The problem is that pretty much nothing can utilize this performance. Bandwidth has to be utilized, just like cores in a CPU.
Very true. Looking at the graphs to find out which applications scale linearly with bandwidth (4000 vs. 4800), the only ones I can find are Comsol and 7-zip compression. Both very well multithreaded, I suppose. But both also behave in a very weird way: when RAM speed drops from 4800 to 2400, the performance drops to less than one half.
Let me explain to you with an example. in 2013 a 2400mhz cl10 was an average memory speed and dirt cheap(much faster DDR3 memories existed at that time). now in 2021 an average DDR5 memory is around 4800mhz CL40. after 8 years ram speed has increased 100 percent but on the other hand memory latency has increased a whopping amount of 300 percent. it means in action performance can not be that much better. in my opinion that's disappointing.
Like it or not, latency in nanoseconds hasn't improved much since ... ever. New museum-grade modules that you can buy today (much easier to buy than DDR5, hah) are DDR-333 CL 2.5 or DDR-400 CL 3 or SDR-133 CL 2. All of those calculate to 15 ns.
With that in mind, it's a little unfair to say it's increased by 300%. DDR5 is again around 15 ns, your DDR3-2400 CL10 example is 8.3 ns, making DDR5 80% slower. As for DDR4, it becomes really costly once you get to 8.7 ns or below.
Indeed. Shouldn't that in theory yield more performance if implemented properly?
Probably - or it wouldn't be worth the added complexity.
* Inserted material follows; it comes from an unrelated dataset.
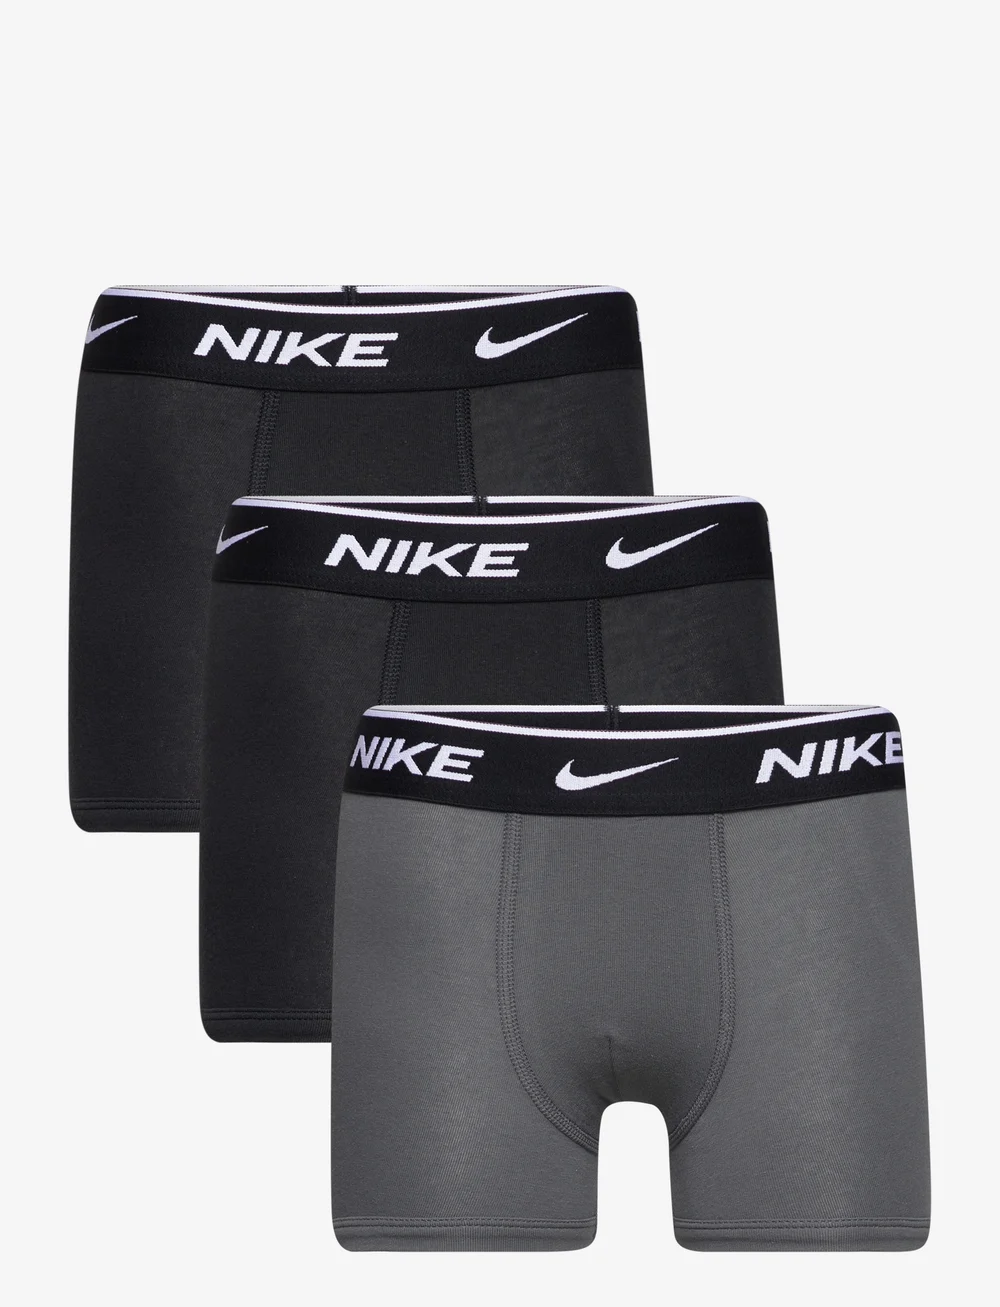 Nike Nhb E Day Stretch 3 / Nhb Nhb E Day Cotton Stretc - Undertøj - Boozt.com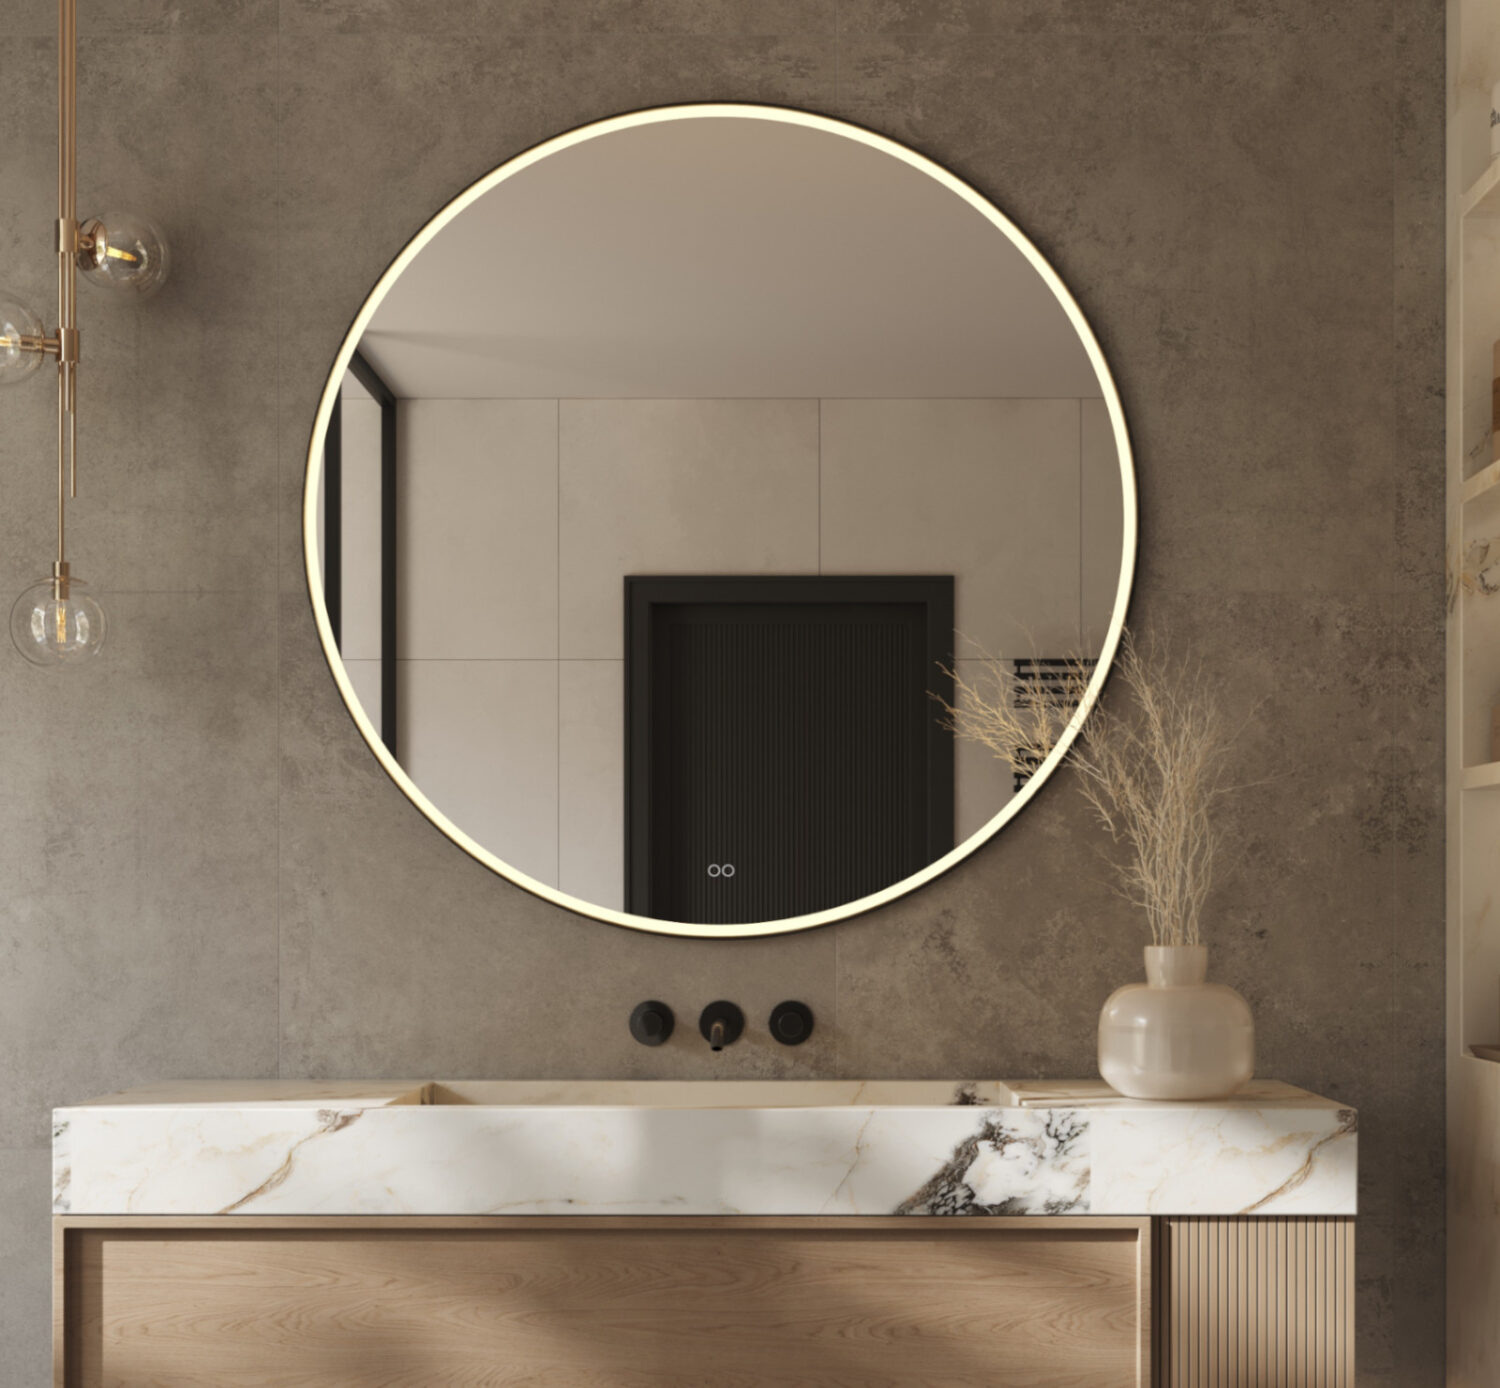 Stijlvolle 120 cm ronde spiegel, uitgevoerd met een mat zwarte frame, verlichting, spiegelverwarming en een dubbele touch schakelaar

And yet, in a way, DDR5 is twice as slow, or half as fast, at same clock speed. How so? The minimum unit of data transfer between CPU and RAM is
one cache line, which is 64 bytes. This amount of data is moved in:
- 8 transfers, or 4 clock cycles in DDR4, or 2 ns in DDR4-4000, which has a 64-bit channel
- 16 transfers, or 8 clock cycles in DDR5, or 4 ns in DDR5-4000, which has a 32-bit channel (
if implemented properly).
I'm sure that a specific microbenchmark could be devised that could measure a significant difference in favour of DDR4. It would need to have a very bad pattern of memory access, keeping just one 32-bit channel active, while the other one(s) would be idle.